Observability for RAG Pipelines: The Metrics That Actually Matter in Production

You have a RAG pipeline running in production. You have Grafana dashboards showing CPU utilization, memory consumption, and request throughput. Your vector store reports average query latency of 45ms. Everything looks green. And yet, users are telling you the answers are getting worse.

This is the observability gap that plagues most production RAG deployments. The metrics you are tracking tell you whether the system is running. They do not tell you whether the system is working. There is a fundamental difference between infrastructure health ("is the vector store responding?") and retrieval quality ("is the vector store returning the right things?"), and most teams only measure the former.

Building effective observability for RAG pipelines requires a different mindset. You need metrics that serve as leading indicators of answer quality, not just trailing indicators of system health. This post covers the specific metrics, dashboard designs, and alerting strategies that we have seen work in production deployments processing millions of queries per month.

Infrastructure metrics vs. retrieval quality metrics

Let us start by clearly separating two categories of metrics, because conflating them is the root cause of most RAG observability failures.

Infrastructure metrics tell you about the operational health of your system components: vector store latency, embedding API throughput, database connection pool utilization, memory consumption, CPU usage, disk I/O. These are necessary but not sufficient. They answer the question "is the system able to process requests?" but not "is the system producing good results?"

Retrieval quality metrics tell you about the semantic quality of what your pipeline is producing: relevance of retrieved chunks, coverage of user queries, consistency of results over time, and the rate at which the system fails to find relevant information. These metrics are harder to compute, harder to interpret, and far more valuable for predicting user satisfaction.

The mistake teams make is assuming that healthy infrastructure implies healthy retrieval. A vector store can respond in 20ms with completely irrelevant results. An embedding API can process 1,000 queries per second and still produce embeddings that fail to capture the semantic nuances of your domain. Your infrastructure dashboard will be green while your users are frustrated.

The core retrieval metrics you should be tracking

Based on operational experience across dozens of production RAG deployments, these are the retrieval quality metrics that most reliably predict user-facing quality issues:

Retrieval latency percentiles (p50 / p95 / p99): Not just average latency - the tail matters enormously. A p50 of 50ms with a p99 of 2,000ms means one in a hundred users is waiting two full seconds just for retrieval, before generation even starts. Track these percentiles over time and alert on p95/p99 regressions, not average latency. A shift in the p95 from 200ms to 500ms often indicates an index that needs optimization, a query pattern that is triggering expensive scans, or a data volume that has crossed a performance threshold. The OpenTelemetry metrics data model provides a solid foundation for capturing histogram-based latency distributions.

Similarity score distributions: Track the distribution of top-k similarity scores across all queries.
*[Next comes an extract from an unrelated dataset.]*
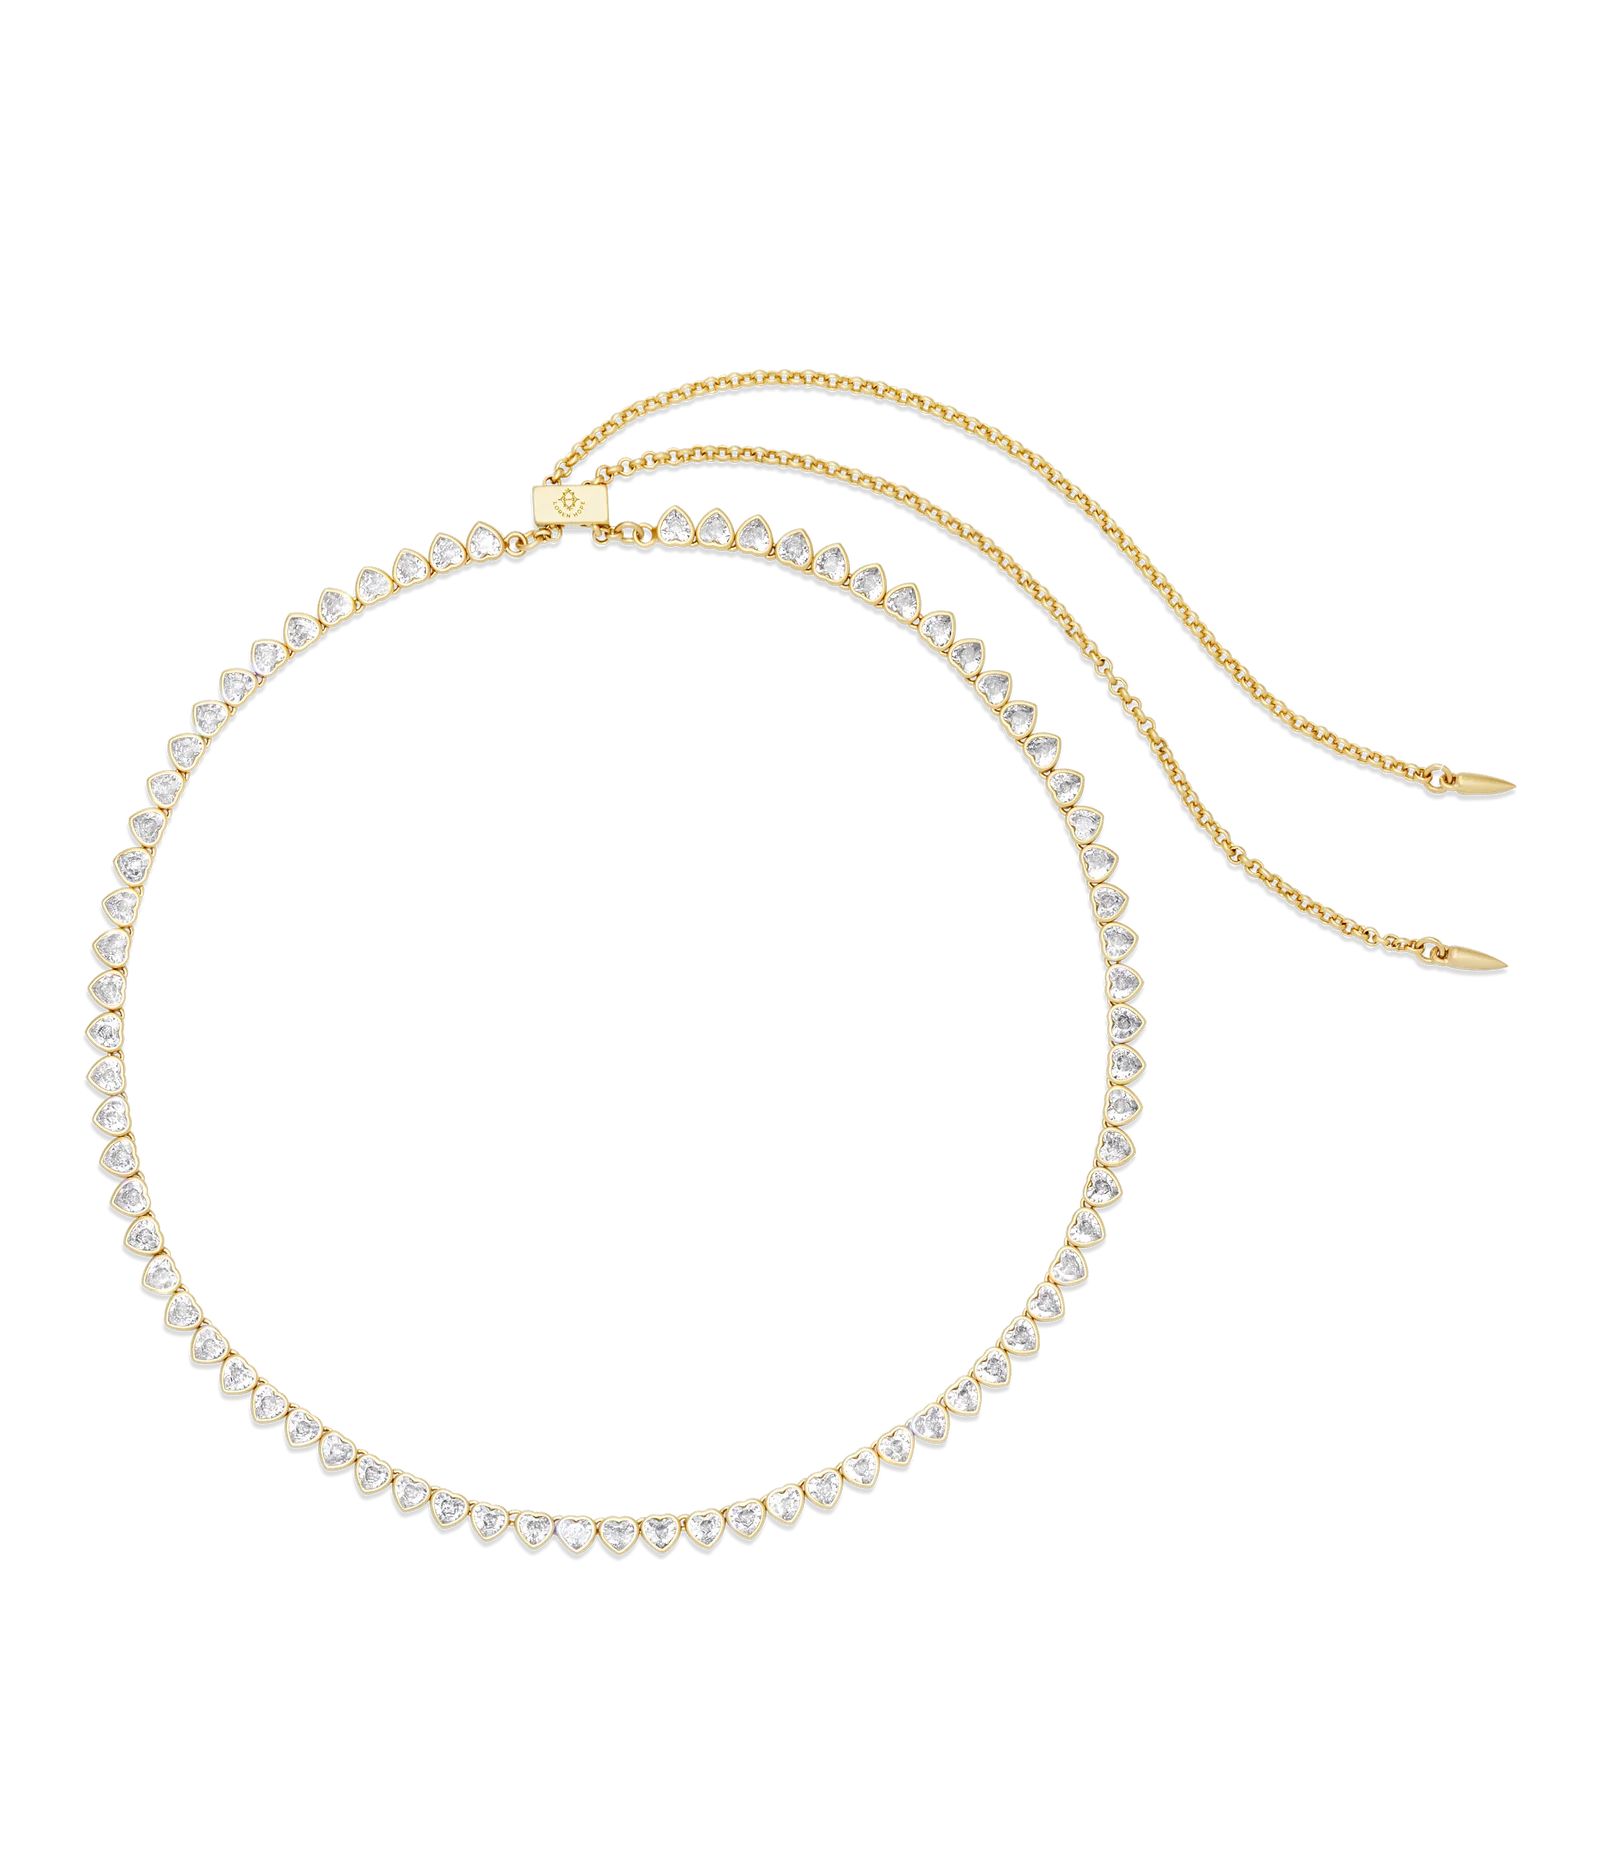 Lexi Slider Tennis Necklace | Loren Hope Designs

The median top-1 similarity score tells you how well your embeddings are matching queries to documents in general. More importantly, track the gap between top-1 and top-k scores. A large gap (e.g., top-1 at 0.92, top-5 at 0.61) suggests your retrievals are dominated by a single strong match. A small gap (top-1 at 0.75, top-5 at 0.72) suggests the retriever is not strongly differentiating between relevant and irrelevant results - a sign of embedding quality issues or a noisy corpus.

"No results" rate: The percentage of queries that return zero results above your similarity threshold. This is one of the most important metrics in your entire dashboard. A "no results" rate above 5% means a meaningful fraction of your users are getting responses based on zero retrieved context - which means the agent is either hallucinating or returning a generic "I don't know" response. Track this rate by query category if possible. A sudden spike in "no results" for a specific topic often means a knowledge gap: content that should be in your corpus is missing, has been deleted, or has been re-indexed in a way that changed its embedding.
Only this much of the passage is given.